One construction safety revision enhances the pedestrian experience. The change permits the use of netting, low barriers, and chain link fencing instead of requiring only solid fencing that cause blind tunnels for pedestrians.
“This would create enhancements where there is less of that tunnel effect without reducing safety issues,” Rudansky said.
Other revisions are meant to enhance sustainability and building safety.
One of the new sustainability and resiliency enhancements includes increasing the material choices available to builders. Builders can now use cross-laminated timber and structural composite lumber to build structures throughout the city including in the fire districts, Rudansky said. Previous codes did not allow for timber construction in large areas of the city. Cross-laminated timber is renewable and has a much smaller carbon footprint than traditional steel and concrete.
The Department of Buildings is also requiring new, special inspections to be done on parking garages, Rudansky said.

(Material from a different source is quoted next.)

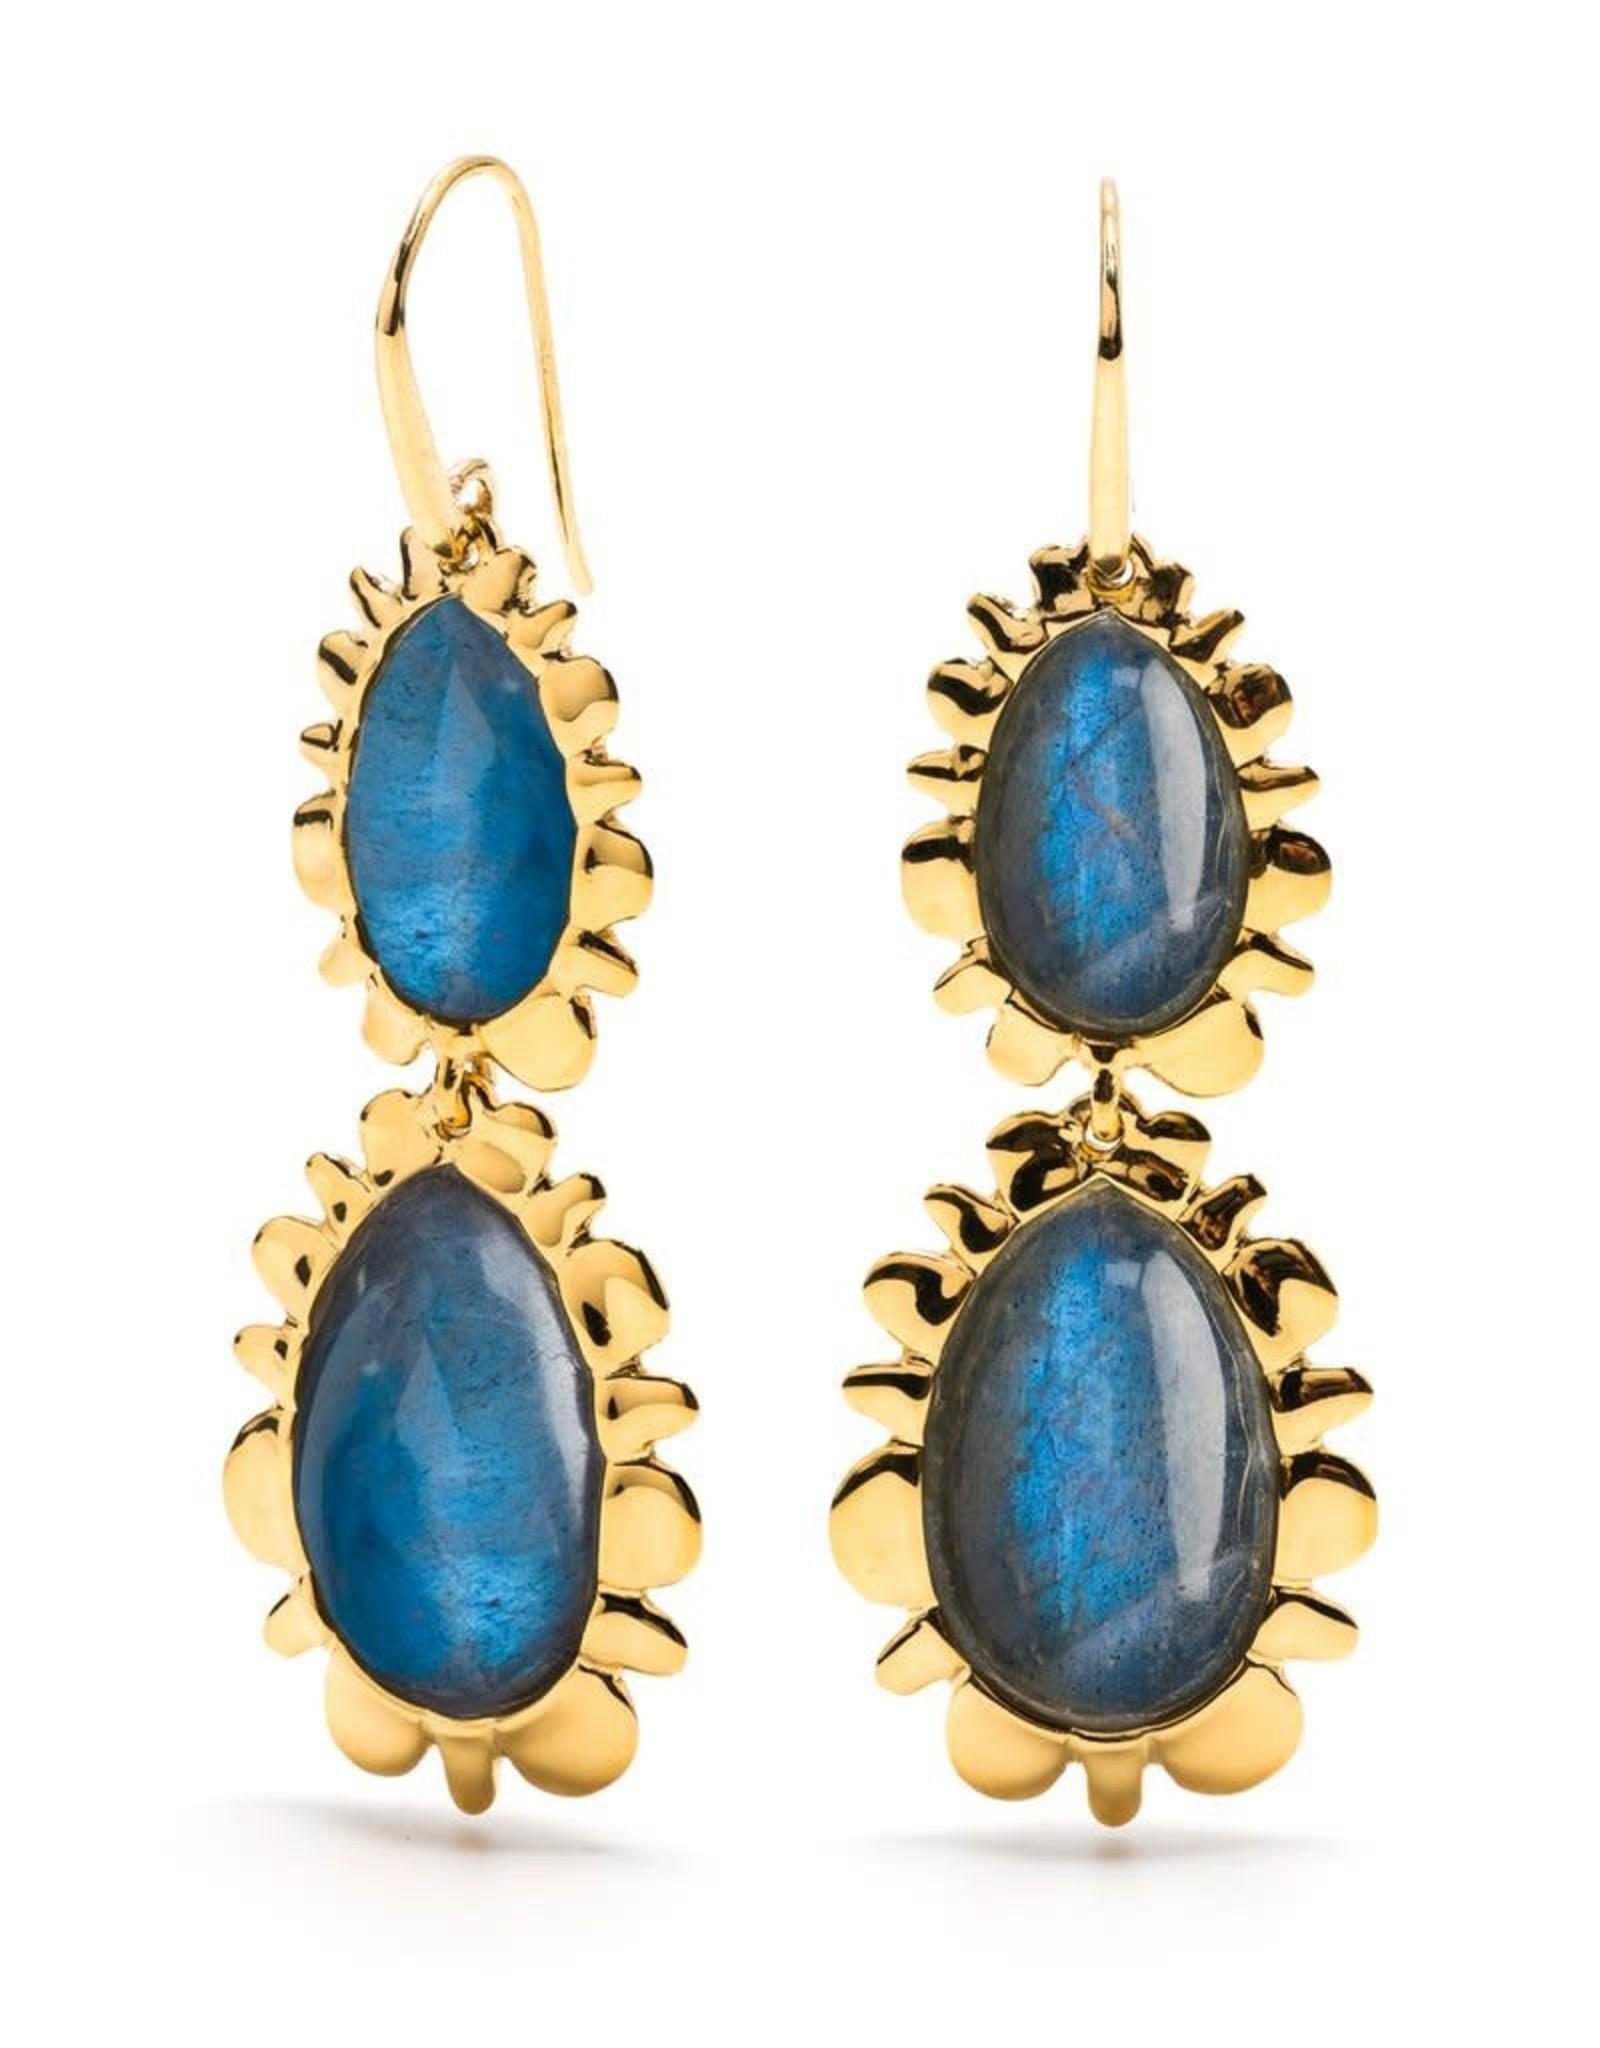 Gifts Bohemienne Double Bliss Earring Blue Labradorite

The new program requires the building owner to hire an engineer to do a structural stability inspection of the parking garage on a regular schedule and then submit those reports for the Department of Buildings to review.
“For these larger buildings in the city we want to make sure that even if nobodys calling 311 to complain about it, and even if there’s no active construction in the building where DOB would be called to inspect, that we have these mandatory, periodic inspections of various elements of the building to make sure they continue to be safe,” Rudansky said.
The revisions were drafted by technical committees made up of engineers, architects, attorneys, planners, tradespeople, representatives of the construction industry, labor, real estate industry, utility companies, as well as Department of Buildings and interagency stakeholders, according to the release.
“I want to thank my colleagues at DOB, along with the hundreds of government and industry experts that volunteered their time on our Code Revision Committees, who worked tirelessly to advance these Codes,” La Rocca said in the release. “Those efforts will make our built environment safer for everyone living, working and visiting in our great city.”
The revised code requirements will go into effect next year, with some regulations taking effect on January 1, 2022, according to the release. The Department of Buildings will support the implementation of the code updates by conducting training and outreach regarding the new requirements.